Basically, I am experimenting with writing my own actions / generators
/
transformers to extend Cocoon for my needs. These are written in Java, and
compiled to class files. However, I have noticed that recompiling the
class
file, and placing it back into WEB-INF/classes does not mean that the
changes
are picked up immediately. I can force this with a restart of Cocoon.
However, this instance of Cocoon is already in production, so a restart is
not always possible.
If it's that important to avoid downtime in your production system, is it
load balanced across two (or more) servers? Not only will that protect you
against a server crash, but each one could take over serving the site while
you restart the other...
I have defined my own sub-sitemap for development, and
leave the production side alone.
Still sounds risky to me. You may plan to only work in your own
sub-sitemap, but it's practically inevitable that one day you'll edit the
wrong sitemap by mistake and break the live site. Heck, even if you are
editing the right one you can still drag down the production site with a
badly performing pipeline. All it takes is e.g. a pipeline aggregation that
includes a map:call to itself, or an XSL with a dodgy xsl:template that
writes out an entire >1 megabyte input document for every contained element,
and you could crash the whole application with an OutOfMemoryError...
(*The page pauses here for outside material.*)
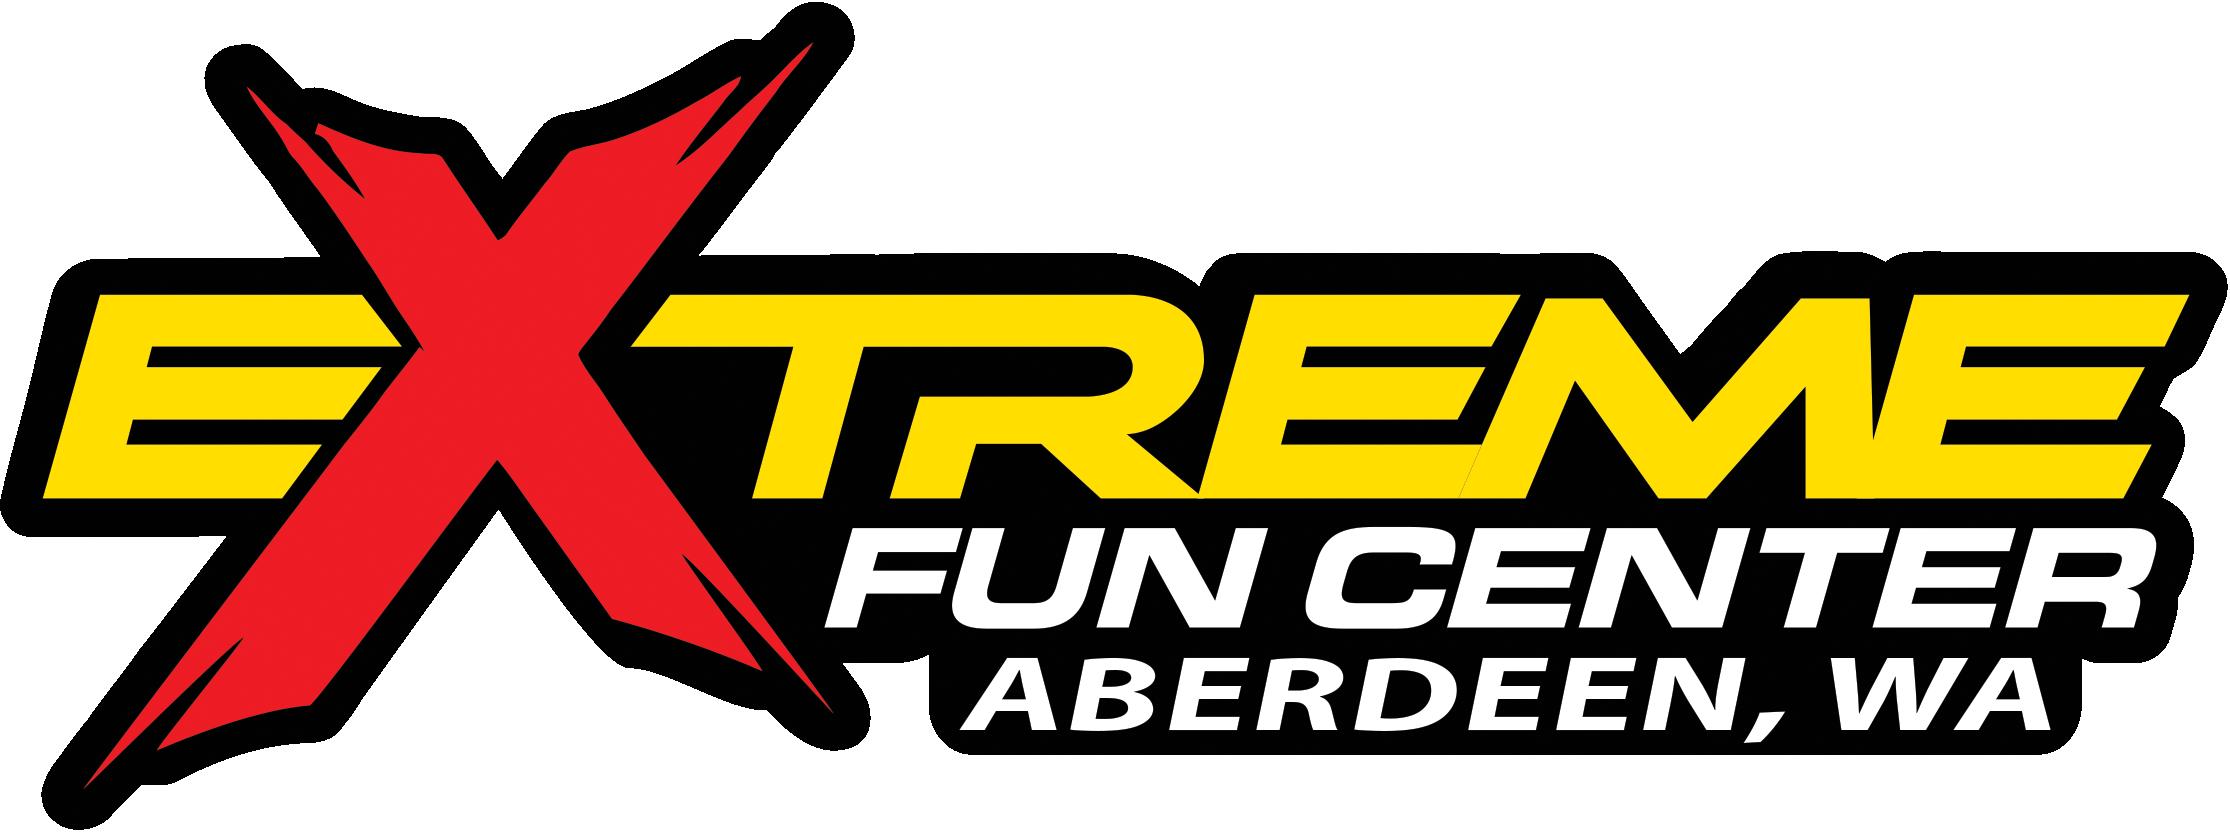 Extreme Logo Aberdeen Wa Aberdeen Extreme Fun Center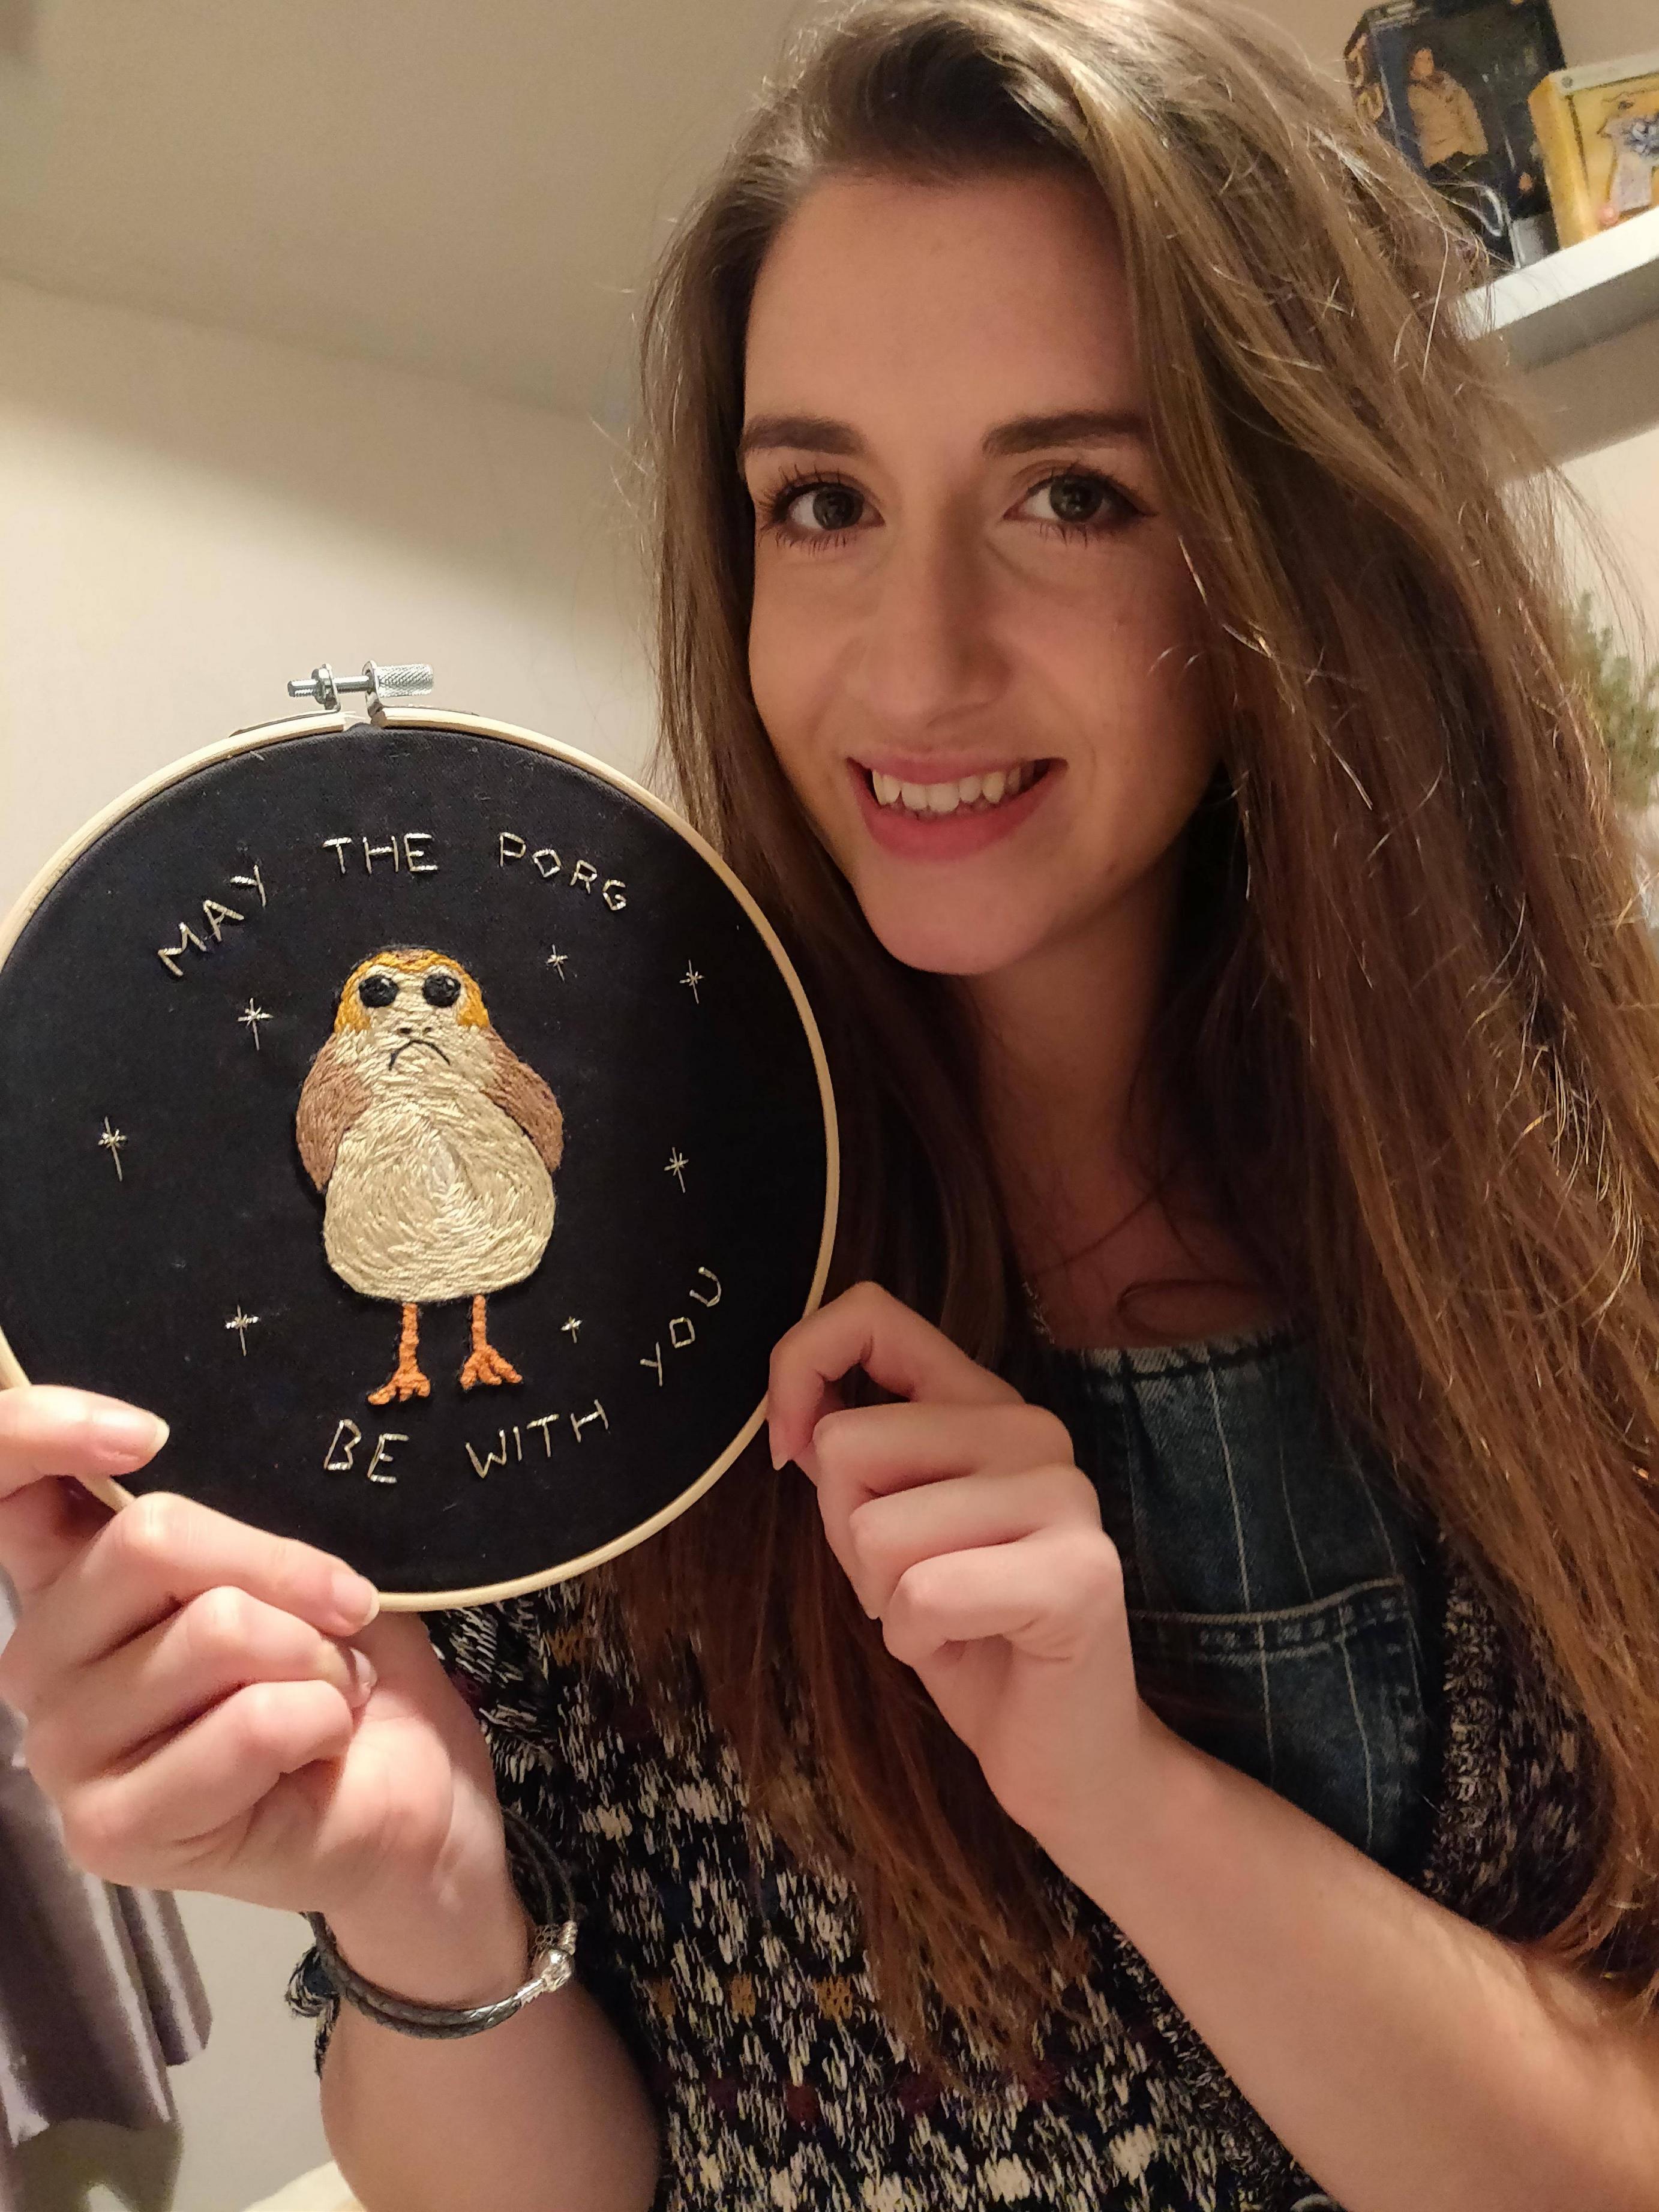 She finally made me an embroidery hoop!

Is there a way to force Cocoon to reload these class files, or is a
restart
the only option? The only other alternative I see right now, is to copy
Cocoon to another server and do my development there (which I would rather
not do).
That sounds the safest approach to me, but then again I'm not paying for the
extra hardware ;-) Only you know if the (admittedly slight) extra risk is
acceptable.
As to your question about reloading, are you using the ParanoidCocoonServlet
(which manages its own classloader) or the standard one? What container are
you running in? Class reloading is probably a container-specific
configuration issue; I know that in Websphere 5 you can enable/disable it at
the application level. You'll probably find that reloading still involves a
restart of the app, though, to make sure none of the running servlets &
filters are using the old class definitions. Also, you could try adding a
?cocoon-reload=true parameter on any request if that's enabled in the Cocoon
configuration, but I believe it's normally switched of by default to avoid
potential DOS attacks from somebody forcing endless restarts of an app in
production.
Andrew.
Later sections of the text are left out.